**INPUT DATA**
• • • • • • •

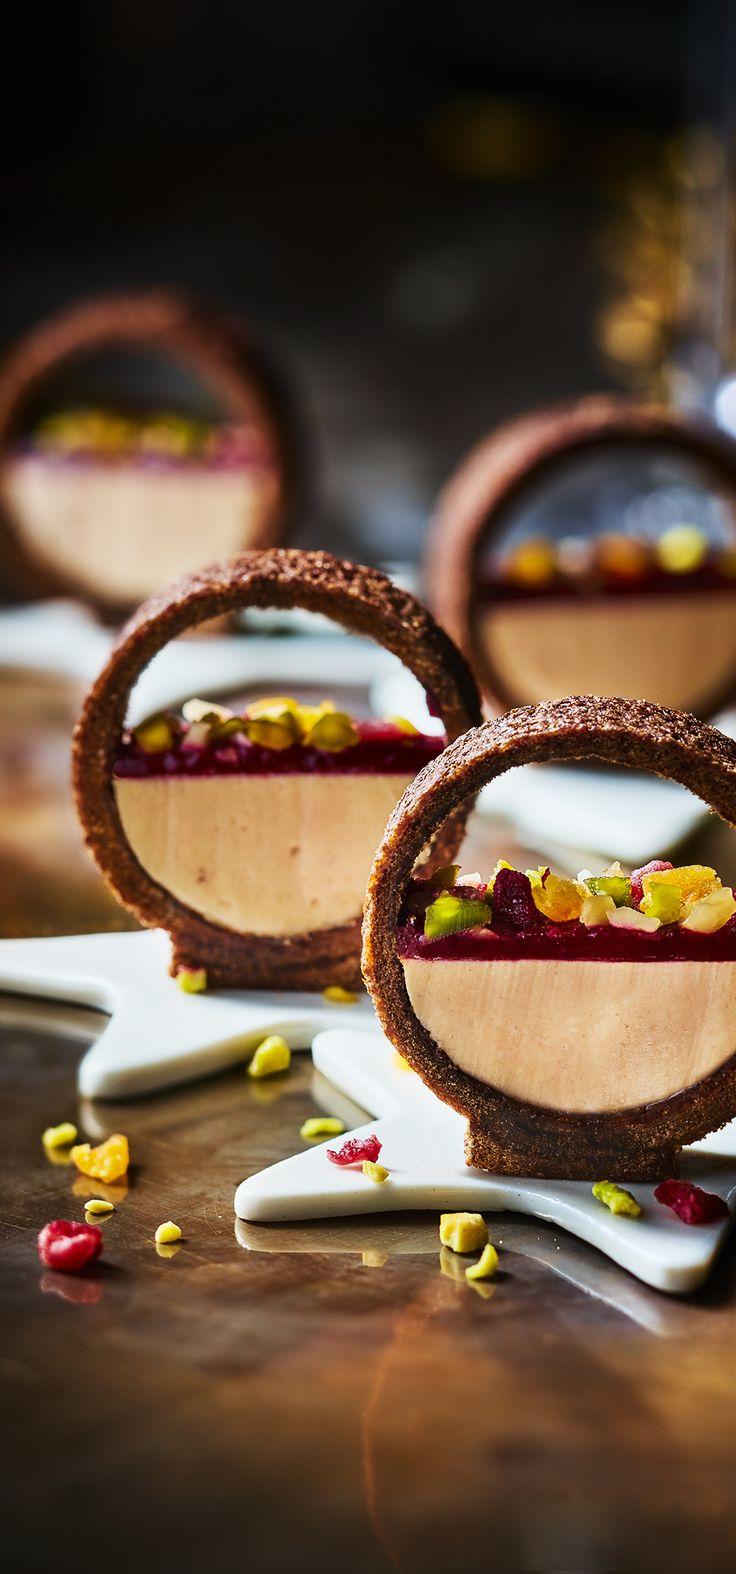 #MaTableAuSommet Au centre d'un anneau croustillant au cacao, elles se composent d'une base de bloc de foie gras de canard nappé d'un coulis de cassis noir de Bourgogne et recouvert de fruits secs. #FoieGras #Festif #Apéritif
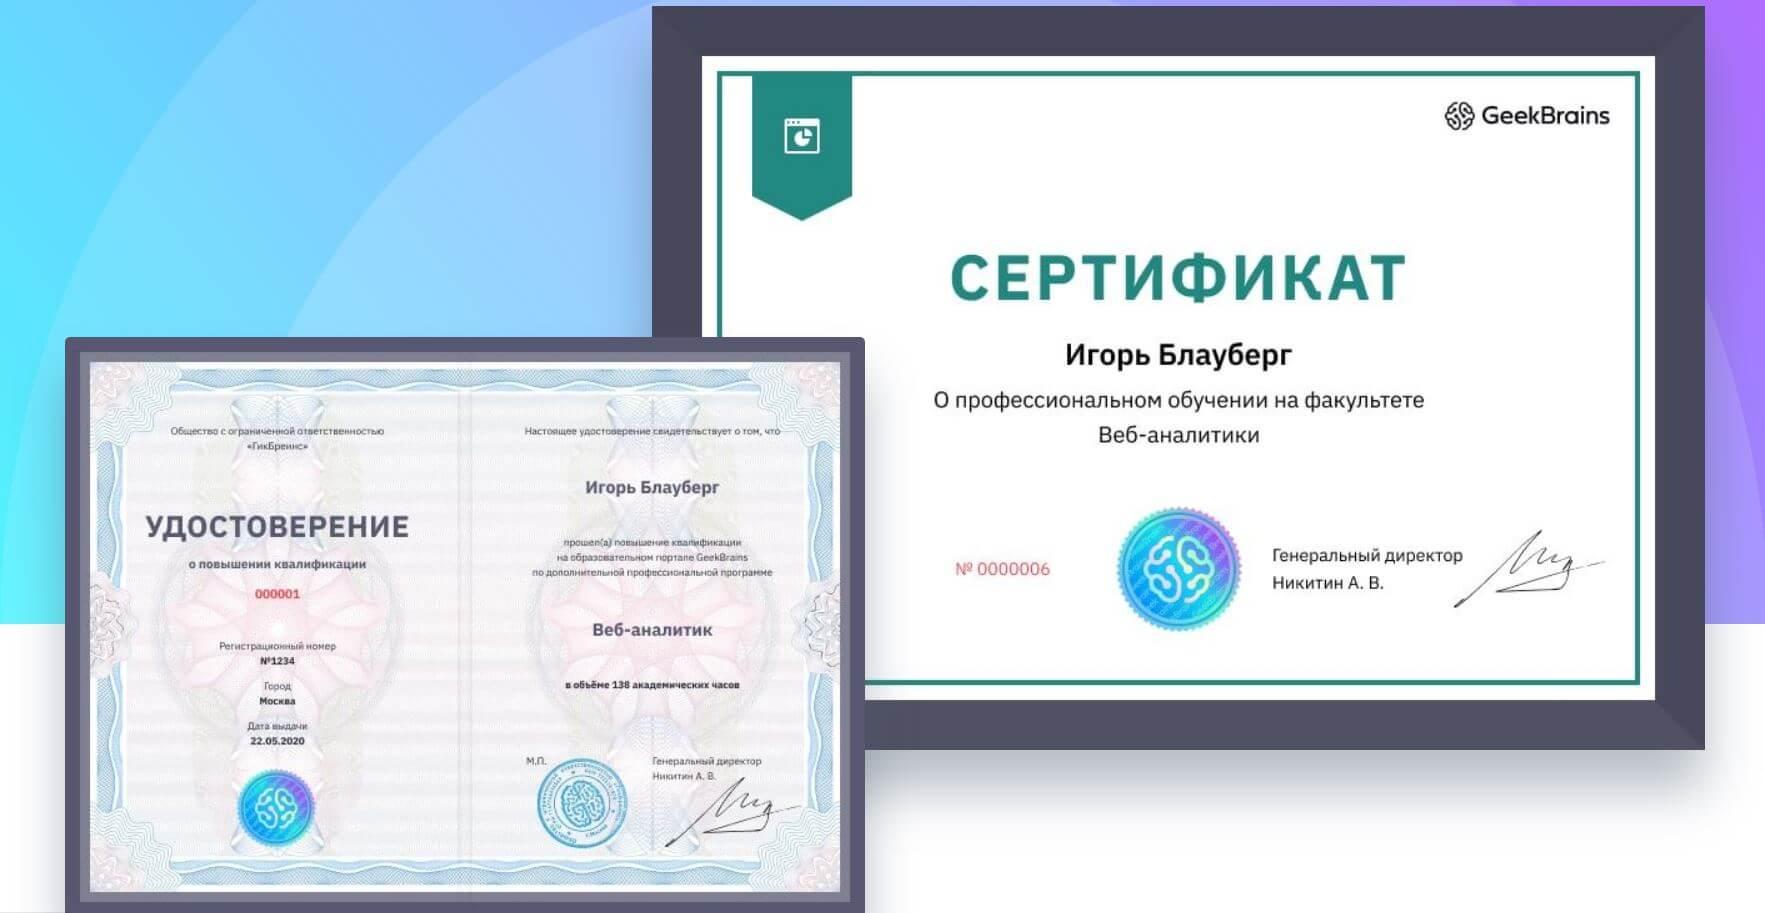 Как выглядит диплом или сертификат GeekBrains
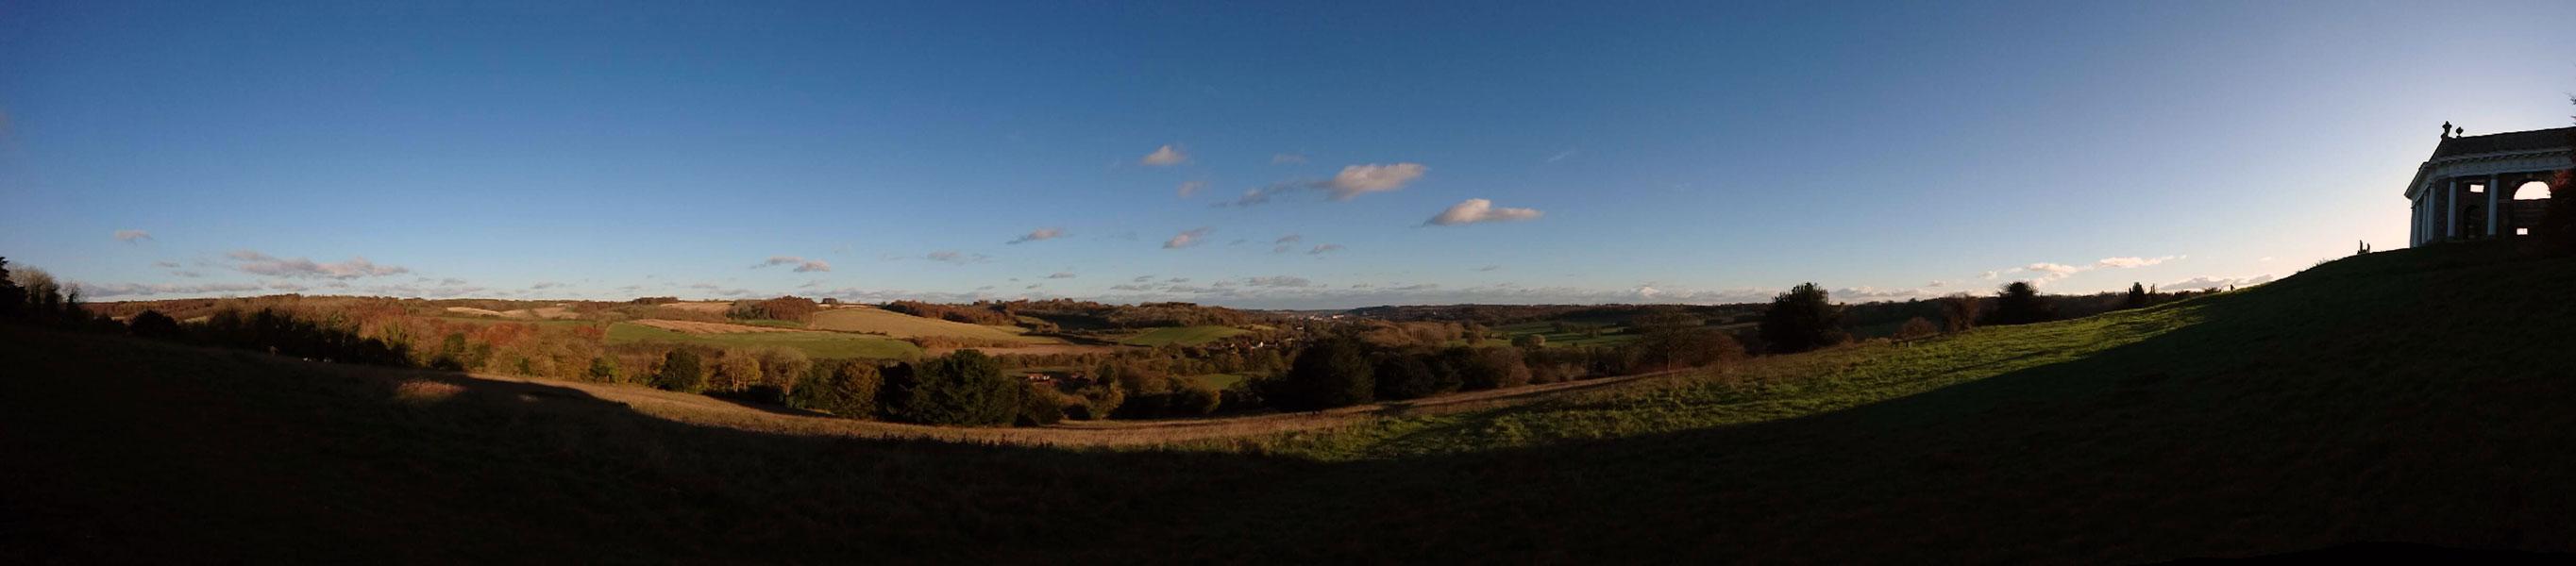 Vue panoramique depuis la colline de West Wycombe

• • • • • • •

**TASK OBJECTIVE**
Restate, exactly as they appear, the line with "Как выглядит диплом" and all the lines after it up to the end of the data above; images do not belong in the copy.

**EXERCISE OUTPUT**
 Как выглядит диплом или сертификат GeekBrains
 Vue panoramique depuis la colline de West Wycombe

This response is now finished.